As for the function marginalize, here is the modified version:

def marginalize(node, relevant_factor_key, network):
    relevant_factor = network[relevant_factor_key]
    print(f"Marginalizing {node}: {relevant_factor .shape[0]} rows * {relevant_factor .shape[1]} columns ...")

    if len(relevant_factor.columns) > 2 and node in relevant_factor.columns:
        relevant_factor.drop_in_place(node)
        relevant_factor = relevant_factor.groupby(relevant_factor.columns[:-1])["prob"].sum().rename({'prob_sum': 'prob'})
        print(f"Marginalization complete")
        network[relevant_factor_key] = relevant_factor
    return

The code is barely tested but the behaviour seems the same and the performance is clearly improved. Indeed, the time of the whole script decreases from 45.3 seconds to 10.8 seconds. This means this new version is 4.2 times faster on my 6-core machine (i5-9600KF CPU).

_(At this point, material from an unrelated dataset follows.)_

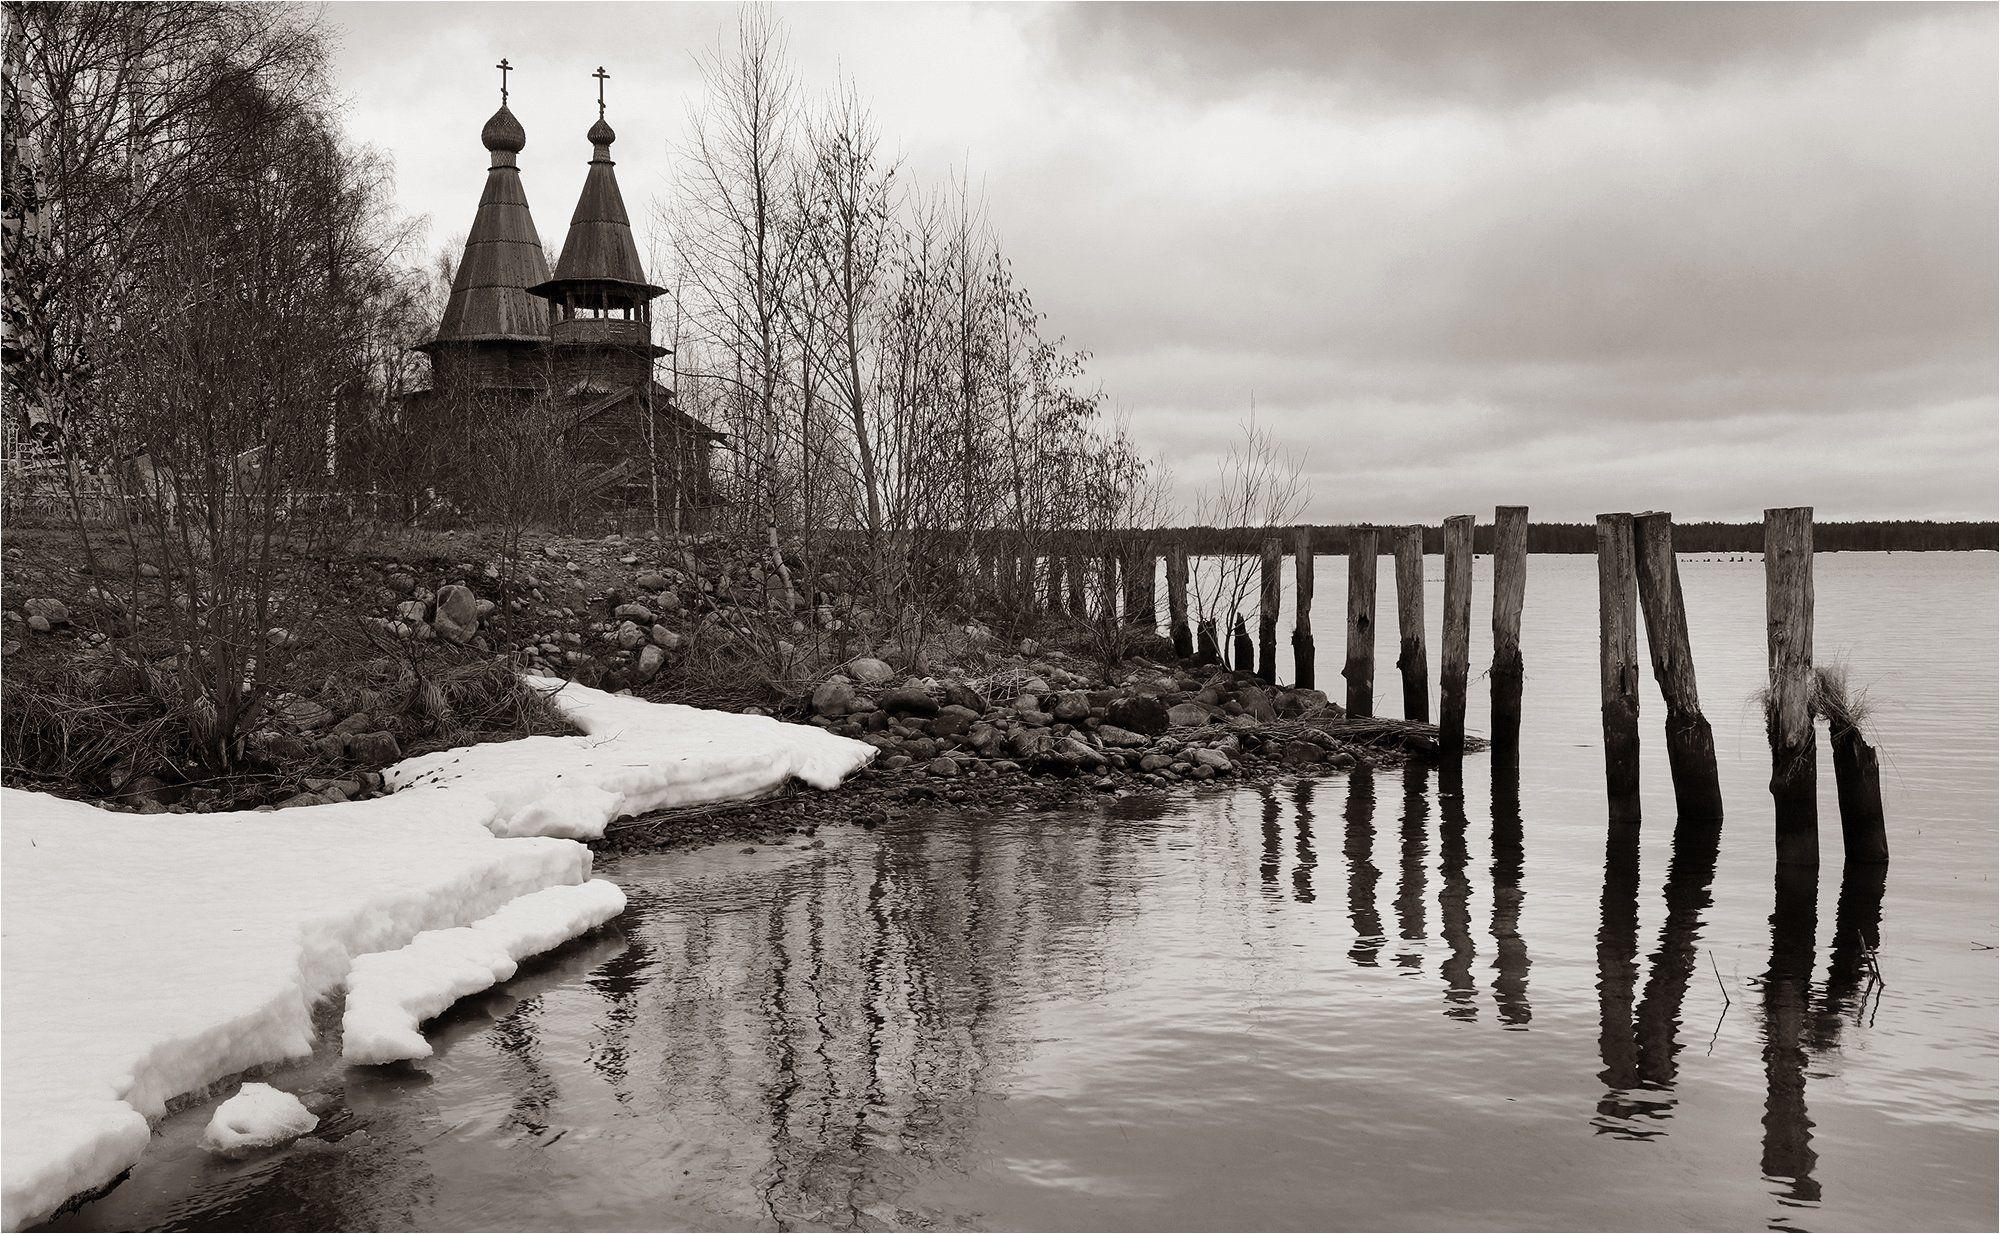 весна, снег, озеро, деревянный храм, церковь, сепия,, Victor Pechenev

I think the resulting code is still sub-optimal, but this is hard to do better in Python without deeply change the code and make it far more complex (certainly with a speed-up that will not worth the effort).

Note that the random seed needs to be set to compare results (including timings).

Alose please note that using 32-bit floats rather than 64-bit ones might be particularly well-suited here since probabilities hardly need >6 digits (relative) precision. This can speed-up the computation further and reduce the memory footprint.